Он задумчиво помолчал, снова посмотрел на раненую руку и просиял улыбкой:
— Чудо, не правда ли?
Началось тяжелое время. Я видел, как Латурелл день ото дня все больше теряет рассудок и уходит в бредовый мир, где единственными его собеседницами были гигантские дионеи, привезенные им из Африки. Ничто другое его не интересовало; я пытался напомнить ему о дивном разнообразии растительного мира, уговаривал отправиться в экспедицию на поиски новых растений, но он и слышать об этом не хотел. Он холил свои дионеи, молился им, как иконам; часто он корил меня, что я нарушаю их покой своей болтовней или недостаточно внимательно их слушаю — да-да, именно так и говорил.

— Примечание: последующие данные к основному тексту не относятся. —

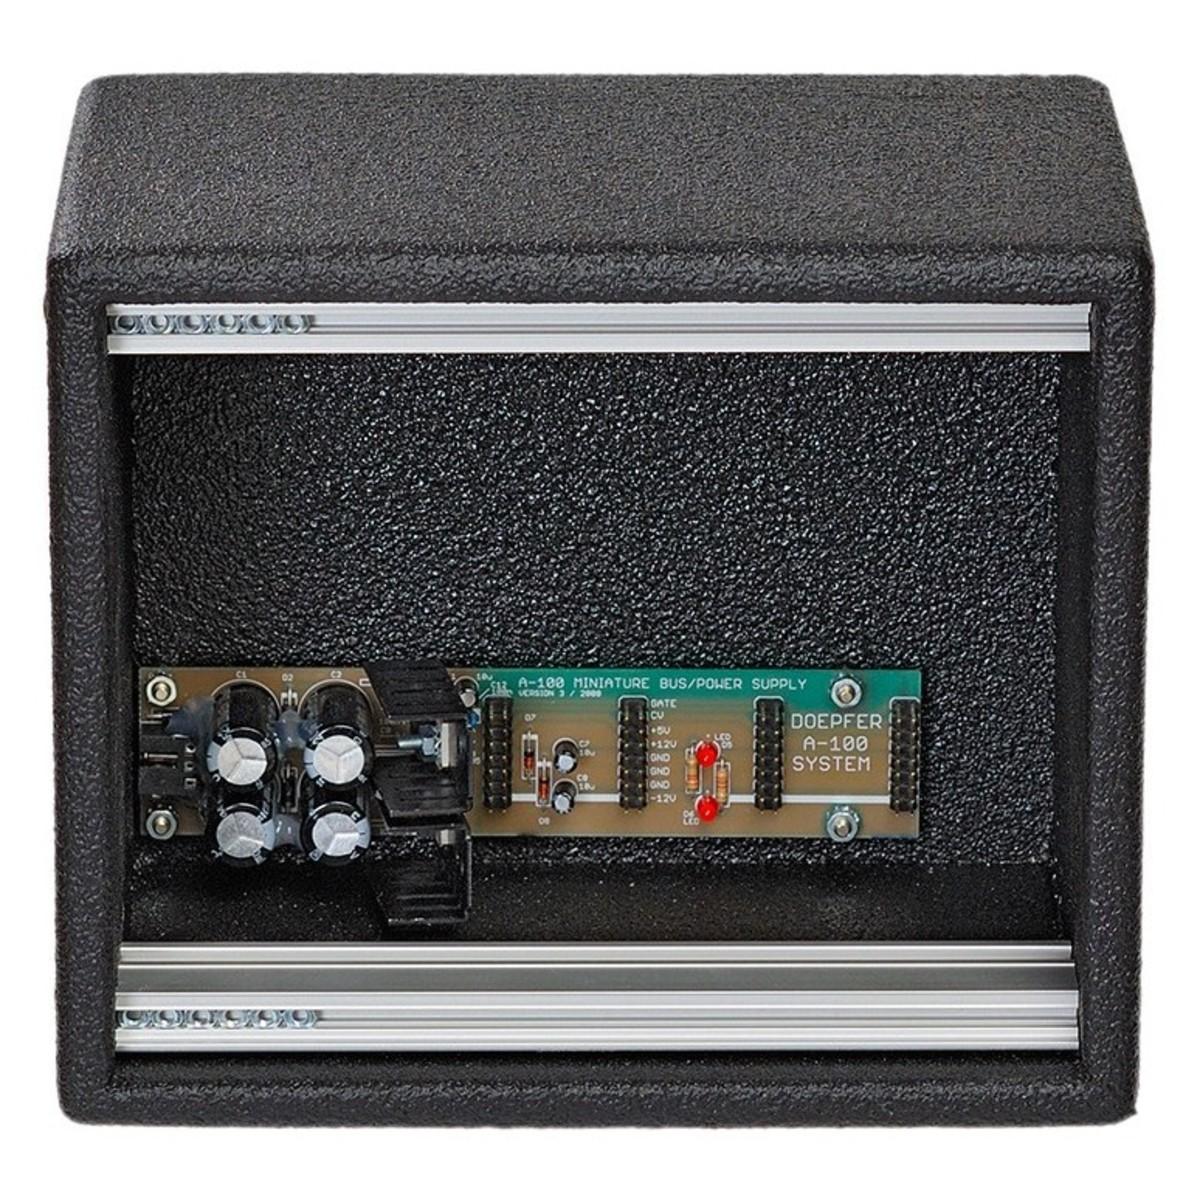 Doepfer A-100MC Mini Case, Black at Gear4music

Дионеи больше не были в его глазах растениями — это были королевы, требующие поклонения, метрессы, держащие в страхе и взыскующие любви. Вряд ли будет преувеличением сказать, что он был в них влюблен и что, пожалуй, любя, ненавидел, хоть сам себе не признавался в столь противоречивых чувствах. Речи, которые он им держал, в корне менялись со дня на день: он то источал мед, нахваливая прелести их цветов, то становился сух и зол, обвинял их в заговоре против него, мол-де, они хотят его гибели. Но в обоих случаях, забыв о всякой сдержанности, он говорил при мне такие вещи, что я, случалось, уходил из оранжереи, сгорая от стыда за него.

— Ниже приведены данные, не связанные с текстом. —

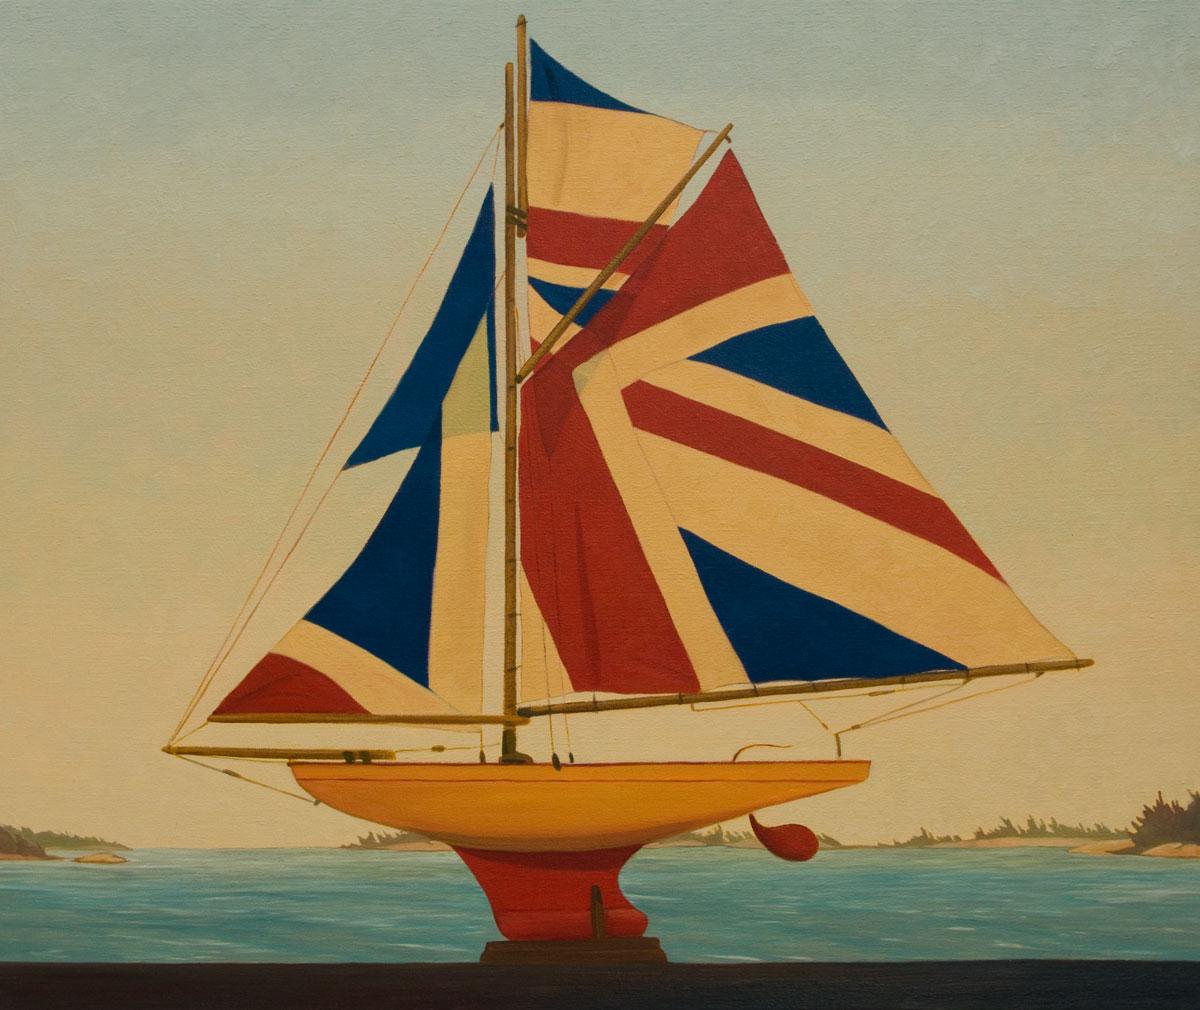 fenton-union-jack-pond-yacht-32x38-2011.jpg

А дионеи, спросите вы, что они обо всем этом думали? Латурелл так легко приписывал им человеческие чувства, что и я невольно впал в антропоморфизм. И так ли уж я был не прав? Я уже говорил вам, что ощутил, увидев их впервые; и страх этот не рассеялся, а, напротив, усиливался с каждой неделей. Мало того что дионеи были объективно опасны, во мне постепенно крепла уверенность, что они порочны. Признаюсь, у меня, ученого-рационалиста, это с трудом укладывалось в голове, но — таково мое глубокое убеждение — дионеи Латурелла наделены душой, черной душой, самой черной, какая только может быть. Они продолжали нападать на нас, стоило подойти к ним близко; то была немотивированная агрессия, загадочная, почти абсурдная — ведь они кусали руки, их кормившие! Я после пары укусов решил держаться на почтительном расстоянии, а когда Латурелл просил меня ему помочь, надевал толстые рукавицы. Сам же он не принимал никаких предосторожностей; за полгода дионеи кусали его раз тридцать (как-то на моих глазах одна из них, дотянувшись листом, вонзила шипы ему в спину, когда он стоял более чем в метре от нее, — гибкостью они обладали неимоверной. Помню, какое ошарашенное было лицо у врача при виде следов укуса, и до сих пор удивляюсь, что он не сообщил в полицию). Вели дионеи себя, однако, по-разному, в зависимости от настроения: иной раз буквально рвали его плоть, оставляя глубокие раны на руках, а бывало, покусывали почти ласково — так собака, играючи, зажимает клыками руку хозяина. Тогда Латурелл смеялся, как ребенок от щекотки, притворно вырываясь и стеная. Однажды он даже упал наземь, будто замертво, «чтобы доставить дионеям удовольствие»!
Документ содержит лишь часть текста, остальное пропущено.